Stored items from a collection:

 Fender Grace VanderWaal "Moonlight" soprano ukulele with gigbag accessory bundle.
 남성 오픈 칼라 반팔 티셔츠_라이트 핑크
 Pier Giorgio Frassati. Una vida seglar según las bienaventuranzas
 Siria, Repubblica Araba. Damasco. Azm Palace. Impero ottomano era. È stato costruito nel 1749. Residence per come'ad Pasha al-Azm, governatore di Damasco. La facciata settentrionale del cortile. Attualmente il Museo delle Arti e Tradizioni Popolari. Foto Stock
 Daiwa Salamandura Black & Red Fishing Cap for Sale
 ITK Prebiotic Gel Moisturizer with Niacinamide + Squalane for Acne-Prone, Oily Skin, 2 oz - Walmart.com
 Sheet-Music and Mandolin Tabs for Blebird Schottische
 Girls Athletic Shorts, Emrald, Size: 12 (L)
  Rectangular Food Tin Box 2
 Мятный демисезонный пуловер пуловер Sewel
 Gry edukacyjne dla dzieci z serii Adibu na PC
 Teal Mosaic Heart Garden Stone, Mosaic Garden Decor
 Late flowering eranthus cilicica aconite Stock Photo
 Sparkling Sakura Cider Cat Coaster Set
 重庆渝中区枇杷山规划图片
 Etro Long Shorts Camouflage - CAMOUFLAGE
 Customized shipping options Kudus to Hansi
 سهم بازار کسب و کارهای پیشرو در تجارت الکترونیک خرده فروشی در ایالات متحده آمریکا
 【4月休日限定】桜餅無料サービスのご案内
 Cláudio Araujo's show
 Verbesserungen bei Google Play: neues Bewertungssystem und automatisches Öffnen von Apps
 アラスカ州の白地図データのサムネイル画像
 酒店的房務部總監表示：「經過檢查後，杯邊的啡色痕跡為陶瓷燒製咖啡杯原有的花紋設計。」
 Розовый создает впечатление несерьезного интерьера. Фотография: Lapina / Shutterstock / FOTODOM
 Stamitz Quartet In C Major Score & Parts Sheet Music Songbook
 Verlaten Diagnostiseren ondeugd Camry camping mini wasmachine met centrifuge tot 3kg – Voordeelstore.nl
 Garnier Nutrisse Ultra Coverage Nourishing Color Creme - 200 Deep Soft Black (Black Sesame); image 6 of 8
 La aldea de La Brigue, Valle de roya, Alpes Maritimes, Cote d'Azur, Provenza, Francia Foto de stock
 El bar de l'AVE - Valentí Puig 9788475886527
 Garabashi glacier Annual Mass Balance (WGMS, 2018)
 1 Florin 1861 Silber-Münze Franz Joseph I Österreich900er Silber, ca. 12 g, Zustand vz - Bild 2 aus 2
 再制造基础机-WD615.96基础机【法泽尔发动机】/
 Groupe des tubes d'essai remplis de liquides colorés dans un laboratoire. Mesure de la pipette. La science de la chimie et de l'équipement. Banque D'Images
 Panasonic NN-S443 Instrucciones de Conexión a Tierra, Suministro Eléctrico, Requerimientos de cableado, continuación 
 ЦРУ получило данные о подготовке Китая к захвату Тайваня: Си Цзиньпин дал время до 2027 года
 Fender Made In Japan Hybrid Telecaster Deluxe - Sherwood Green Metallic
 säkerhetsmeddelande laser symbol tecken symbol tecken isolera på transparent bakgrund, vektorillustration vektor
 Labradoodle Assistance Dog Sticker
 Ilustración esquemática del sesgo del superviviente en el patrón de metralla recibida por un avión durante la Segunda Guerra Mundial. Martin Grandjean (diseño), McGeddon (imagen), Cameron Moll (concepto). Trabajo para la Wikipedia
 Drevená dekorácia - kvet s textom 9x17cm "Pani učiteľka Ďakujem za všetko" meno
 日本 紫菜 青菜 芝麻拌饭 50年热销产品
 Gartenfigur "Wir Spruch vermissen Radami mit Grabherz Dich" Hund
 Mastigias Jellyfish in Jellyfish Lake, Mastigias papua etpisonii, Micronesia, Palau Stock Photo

> _ABOUT THIS EXERCISE_
With every word kept as it is, set down the entries again.

> _RESPONSE TO THE TASK_
 Fender Grace VanderWaal "Moonlight" soprano ukulele with gigbag accessory bundle.
 남성 오픈 칼라 반팔 티셔츠_라이트 핑크
 Pier Giorgio Frassati. Una vida seglar según las bienaventuranzas
 Siria, Repubblica Araba. Damasco. Azm Palace. Impero ottomano era. È stato costruito nel 1749. Residence per come'ad Pasha al-Azm, governatore di Damasco. La facciata settentrionale del cortile. Attualmente il Museo delle Arti e Tradizioni Popolari. Foto Stock
 Daiwa Salamandura Black & Red Fishing Cap for Sale
 ITK Prebiotic Gel Moisturizer with Niacinamide + Squalane for Acne-Prone, Oily Skin, 2 oz - Walmart.com
 Sheet-Music and Mandolin Tabs for Blebird Schottische
 Girls Athletic Shorts, Emrald, Size: 12 (L)
  Rectangular Food Tin Box 2
 Мятный демисезонный пуловер пуловер Sewel
 Gry edukacyjne dla dzieci z serii Adibu na PC
 Teal Mosaic Heart Garden Stone, Mosaic Garden Decor
 Late flowering eranthus cilicica aconite Stock Photo
 Sparkling Sakura Cider Cat Coaster Set
 重庆渝中区枇杷山规划图片
 Etro Long Shorts Camouflage - CAMOUFLAGE
 Customized shipping options Kudus to Hansi
 سهم بازار کسب و کارهای پیشرو در تجارت الکترونیک خرده فروشی در ایالات متحده آمریکا
 【4月休日限定】桜餅無料サービスのご案内
 Cláudio Araujo's show
 Verbesserungen bei Google Play: neues Bewertungssystem und automatisches Öffnen von Apps
 アラスカ州の白地図データのサムネイル画像
 酒店的房務部總監表示：「經過檢查後，杯邊的啡色痕跡為陶瓷燒製咖啡杯原有的花紋設計。」
 Розовый создает впечатление несерьезного интерьера. Фотография: Lapina / Shutterstock / FOTODOM
 Stamitz Quartet In C Major Score & Parts Sheet Music Songbook
 Verlaten Diagnostiseren ondeugd Camry camping mini wasmachine met centrifuge tot 3kg – Voordeelstore.nl
 Garnier Nutrisse Ultra Coverage Nourishing Color Creme - 200 Deep Soft Black (Black Sesame); image 6 of 8
 La aldea de La Brigue, Valle de roya, Alpes Maritimes, Cote d'Azur, Provenza, Francia Foto de stock
 El bar de l'AVE - Valentí Puig 9788475886527
 Garabashi glacier Annual Mass Balance (WGMS, 2018)
 1 Florin 1861 Silber-Münze Franz Joseph I Österreich900er Silber, ca. 12 g, Zustand vz - Bild 2 aus 2
 再制造基础机-WD615.96基础机【法泽尔发动机】/
 Groupe des tubes d'essai remplis de liquides colorés dans un laboratoire. Mesure de la pipette. La science de la chimie et de l'équipement. Banque D'Images
 Panasonic NN-S443 Instrucciones de Conexión a Tierra, Suministro Eléctrico, Requerimientos de cableado, continuación 
 ЦРУ получило данные о подготовке Китая к захвату Тайваня: Си Цзиньпин дал время до 2027 года
 Fender Made In Japan Hybrid Telecaster Deluxe - Sherwood Green Metallic
 säkerhetsmeddelande laser symbol tecken symbol tecken isolera på transparent bakgrund, vektorillustration vektor
 Labradoodle Assistance Dog Sticker
 Ilustración esquemática del sesgo del superviviente en el patrón de metralla recibida por un avión durante la Segunda Guerra Mundial. Martin Grandjean (diseño), McGeddon (imagen), Cameron Moll (concepto). Trabajo para la Wikipedia
 Drevená dekorácia - kvet s textom 9x17cm "Pani učiteľka Ďakujem za všetko" meno
 日本 紫菜 青菜 芝麻拌饭 50年热销产品
 Gartenfigur "Wir Spruch vermissen Radami mit Grabherz Dich" Hund
 Mastigias Jellyfish in Jellyfish Lake, Mastigias papua etpisonii, Micronesia, Palau Stock Photo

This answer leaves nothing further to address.